■ **Exercise instructions**: Copy the lines below as they are; omit the images they contain.

■ **Dataset content**:
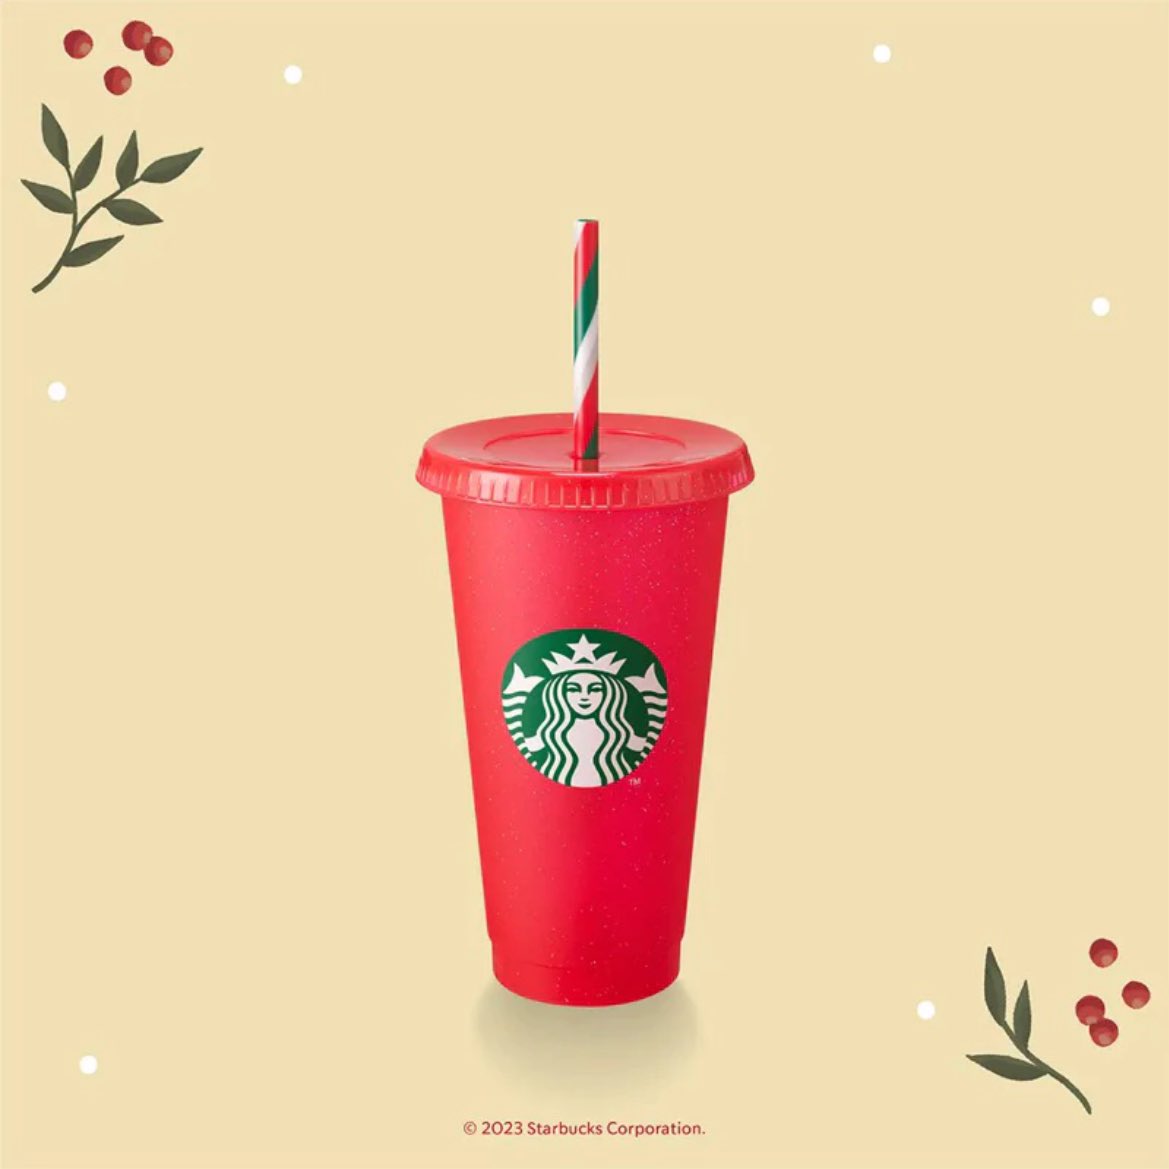 ส่งต่อแก้วสตาบัค คอล holiday2023 ไม่เคยใข้+แถมถุงผ้า (รุ่นนี้ม่ายมีแย้วว💝)
📌200 รวมส่ง
#แก้วสตาบัค #ส่งต่อแก้วstarbucks #Starbucks #รับหิ้วแก้วสตาบัค #ตามหาแก้วstarbucks #พี่ฮง #adultingshowmax #DiorAW24 #pitbabeเซลก้าเดย์ #PokemonDay #PokemonDay2024 #PokemonPresents #ส่งต่อ
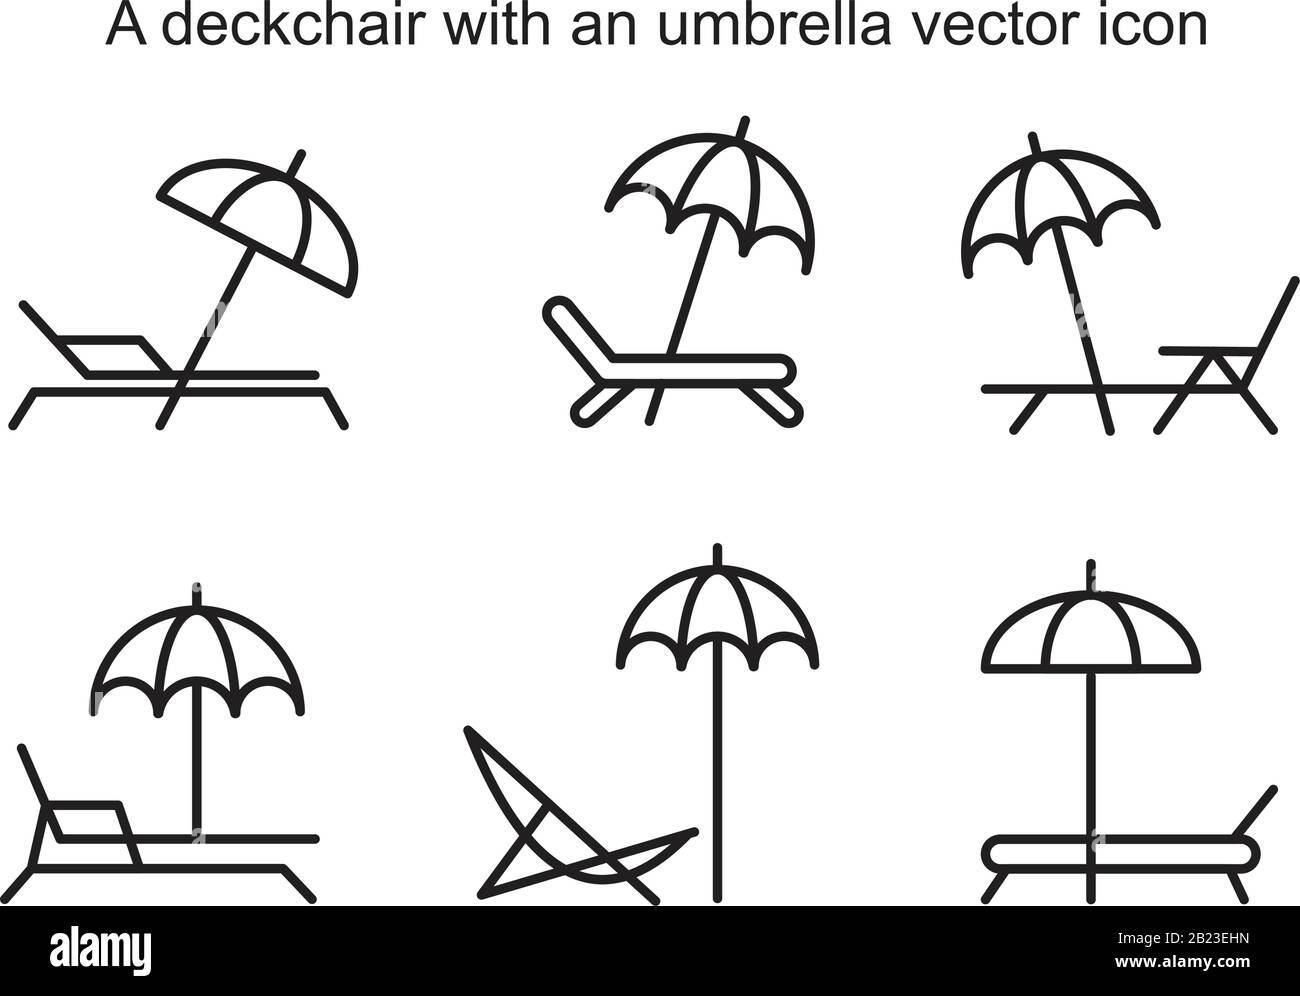 Una sedia a sdraio con un modello di icona vettoriale ombrello colore nero modificabile. Sedia a sdraio con icona a forma di vettore ombrello immagine vettoriale piatta per g Illustrazione Vettoriale

■ **Expected answer**:
 ส่งต่อแก้วสตาบัค คอล holiday2023 ไม่เคยใข้+แถมถุงผ้า (รุ่นนี้ม่ายมีแย้วว💝)
📌200 รวมส่ง
#แก้วสตาบัค #ส่งต่อแก้วstarbucks #Starbucks #รับหิ้วแก้วสตาบัค #ตามหาแก้วstarbucks #พี่ฮง #adultingshowmax #DiorAW24 #pitbabeเซลก้าเดย์ #PokemonDay #PokemonDay2024 #PokemonPresents #ส่งต่อ
 Una sedia a sdraio con un modello di icona vettoriale ombrello colore nero modificabile. Sedia a sdraio con icona a forma di vettore ombrello immagine vettoriale piatta per g Illustrazione Vettoriale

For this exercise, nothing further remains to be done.